The hardware design that has been created for the PYNQ-Z1 FPGA is based on the FFT IP from Xilinx. The calculation of this FFT will be performed in hardware, while all the rest of the spectrogram creation process will be performed in software by the Cortex-A9 microprocessor on the board. All the programming of the microprocessor is done through PYNQ. Additional tests are carried out, calculating the FFTs in software to compare the speed in both cases and test the effectiveness of hardware acceleration.

Communication between the processing system (PS) and the programmable logic (PL) is achieved through AXI Direct Memory Access (DMA). The PS will be in charge of fragmenting the audio file into different chunks. The chunks have a size of 1024 samples since the FFT IP works with that number of samples. Audio files with a sampling rate of 44.1 kHz have been chosen so that the size of each chunk corresponds to the selected duration of 23 ms. In addition, if the audio is in the stereo format it will be converted to mono to facilitate the hardware calculations. Once all the audio chunks are obtained, they will be sent by AXI DMA to the PL one by one, waiting to receive the output back by DMA before sending the next set of data. Finally, the data are interpreted by the PS.

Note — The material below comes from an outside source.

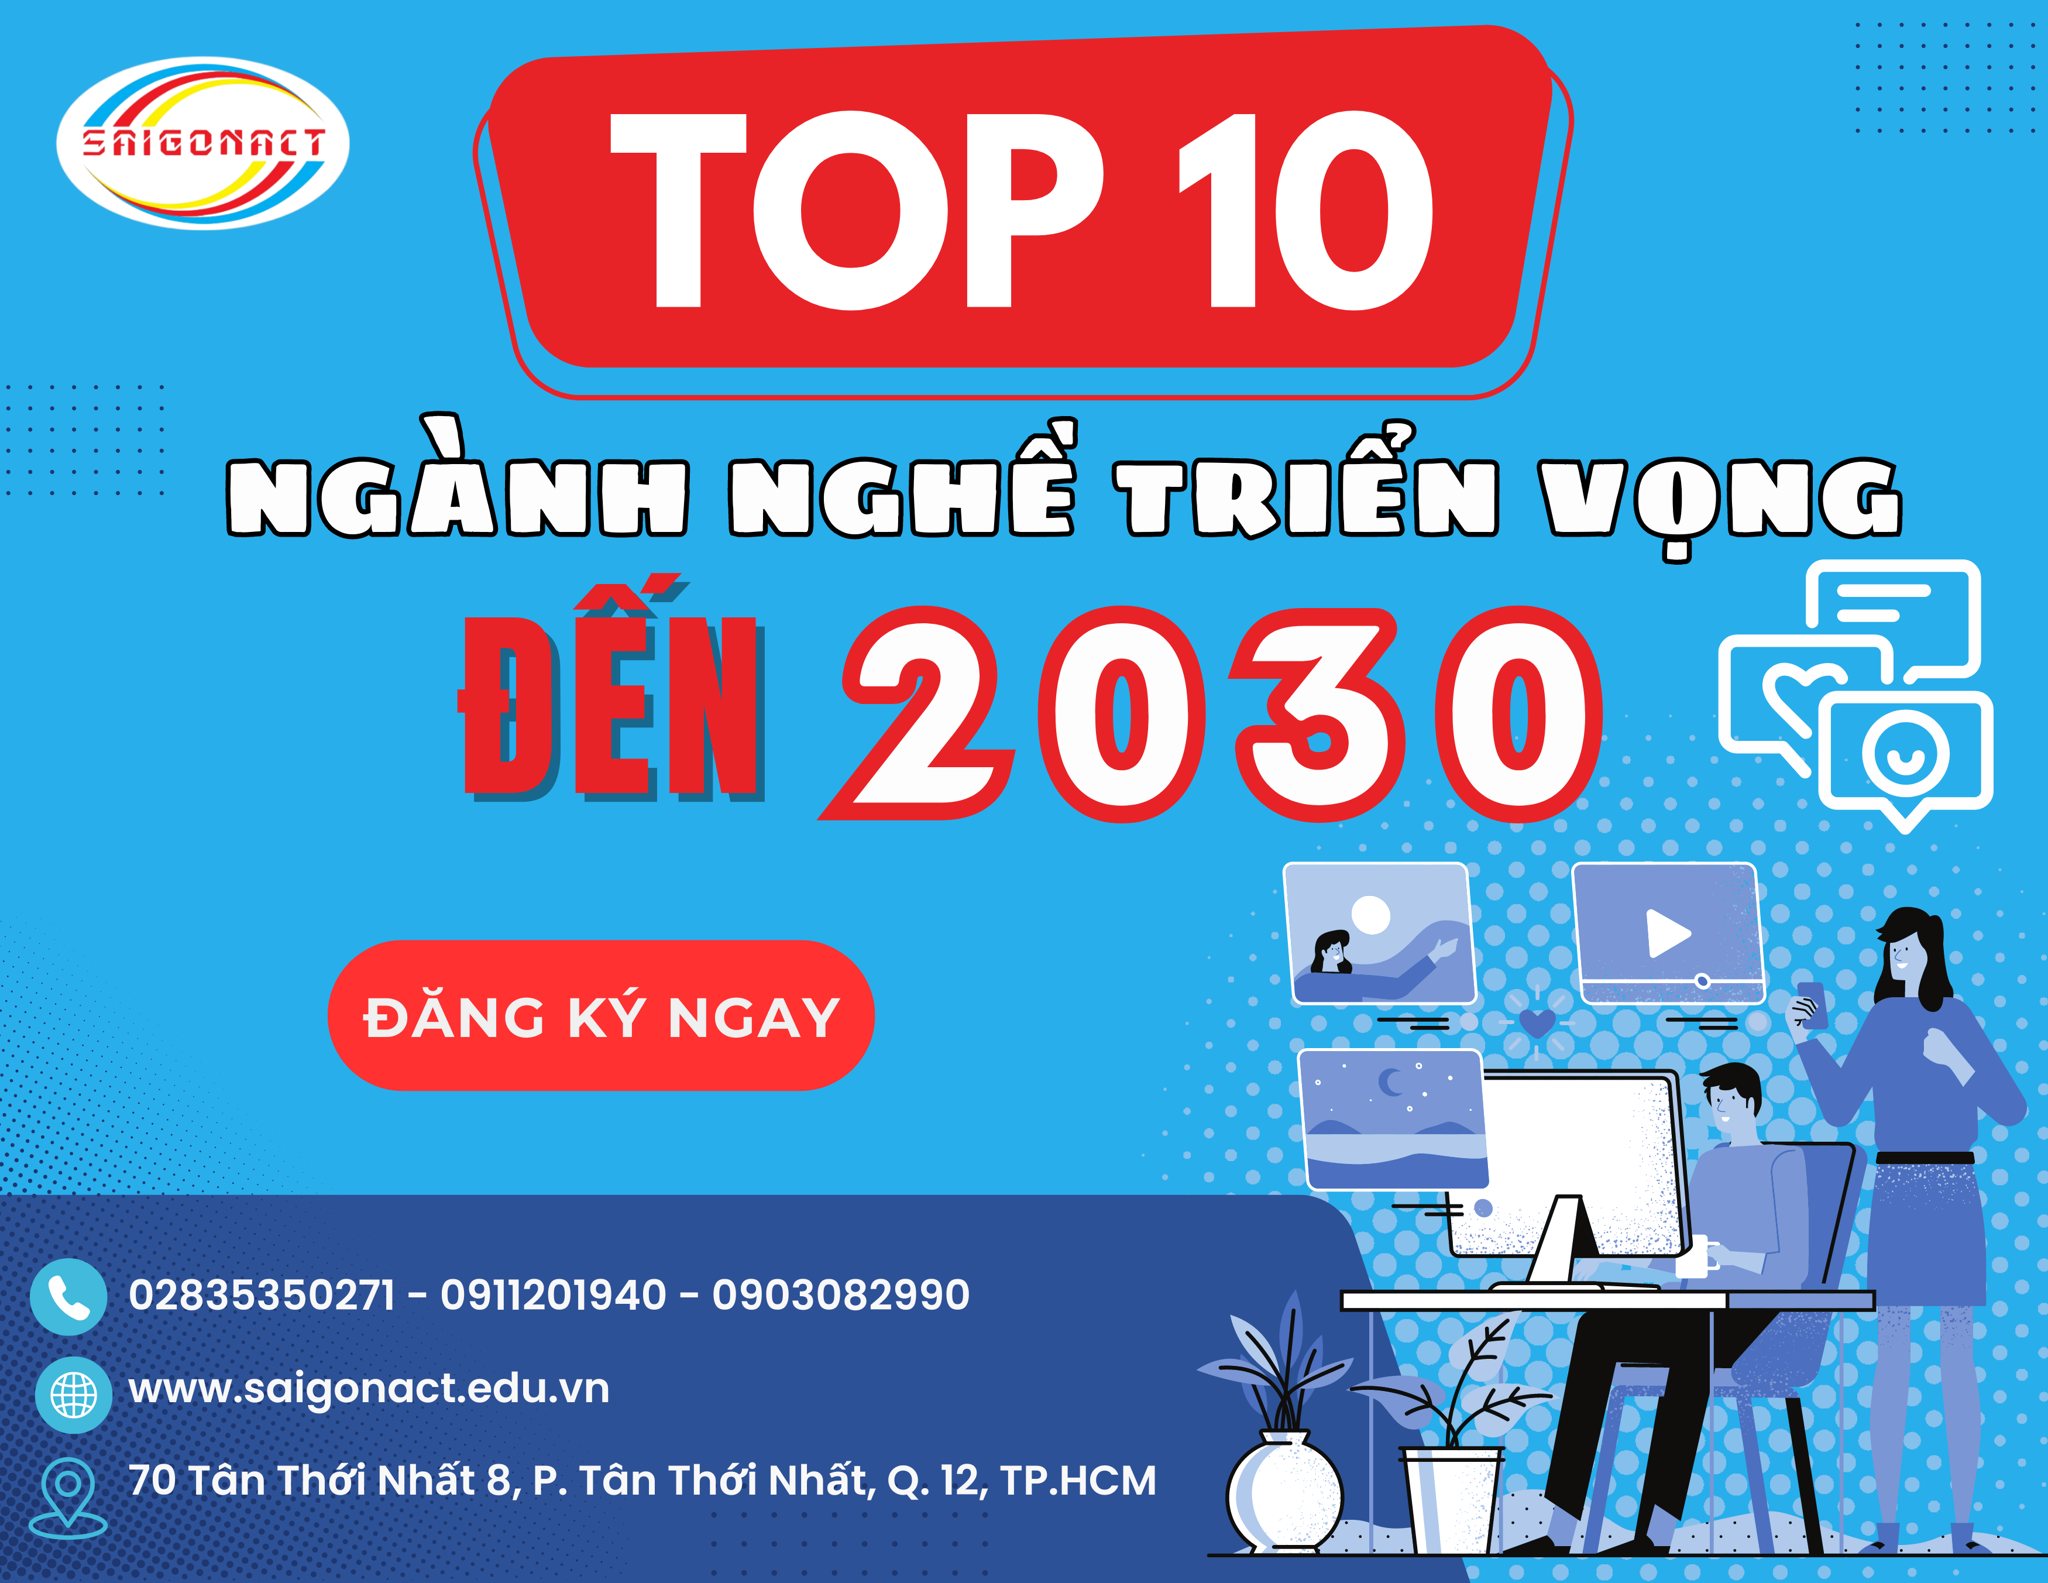 TOP 10 NGÀNH NGHỀ CÓ TRIỂN VỌNG TƯƠNG LAI ĐẾN NĂM 2023

Figure 4 represents the hardware design in Vivado, composed of three main blocks. The Zynq Processing System represents the microprocessor. The AXI DMA IP provides direct access between memory and target peripherals with AXI-Stream inputs. In our design, this block has two functions, converting the input data coming from the microprocessor from AXI to AXI-Stream format to connect it to the input of the FFT block and the reverse process of converting AXI-Stream data from the output of the block to AXI format to be sent back to the microprocessor. The data sending in both cases is done through a High Performance (HP) port. Finally, the Fast Fourier Transform block performs the calculation of the different FFTs.

In order to assess the portability of our implementation, we carried out tests by using synthetic audio files of different lengths so that we can check our design operates at reasonable processing times. To this end, we generate audio files varying from 50 ms to 10 s and test the rate the data were transferred to the board. The results indicated that the processing time is proportional to the data.

6 Conclusion

In this work, we have tested the capabilities of FPGAs in the acceleration of artificial intelligence applications, specifically focused on convolutional neural networks for urban sound classification. By using the Xilinx tools, it has been possible to create a hardware neural network model capable of performing the inference process more efficiently in comparison with microprocessor-based systems. In addition, it has been proven that the quantization process of the model does not produce a significant degradation in the percentage of accuracy of the network, even being able to increase it slightly. For development boards that do not have enough resources to implement and deploy these hardware models, it has been proposed to accelerate the extraction of spectrograms using FPGAs. In this way, two different approaches have demonstrated to take advantage of the potential that these devices have when working in the field of artificial intelligence.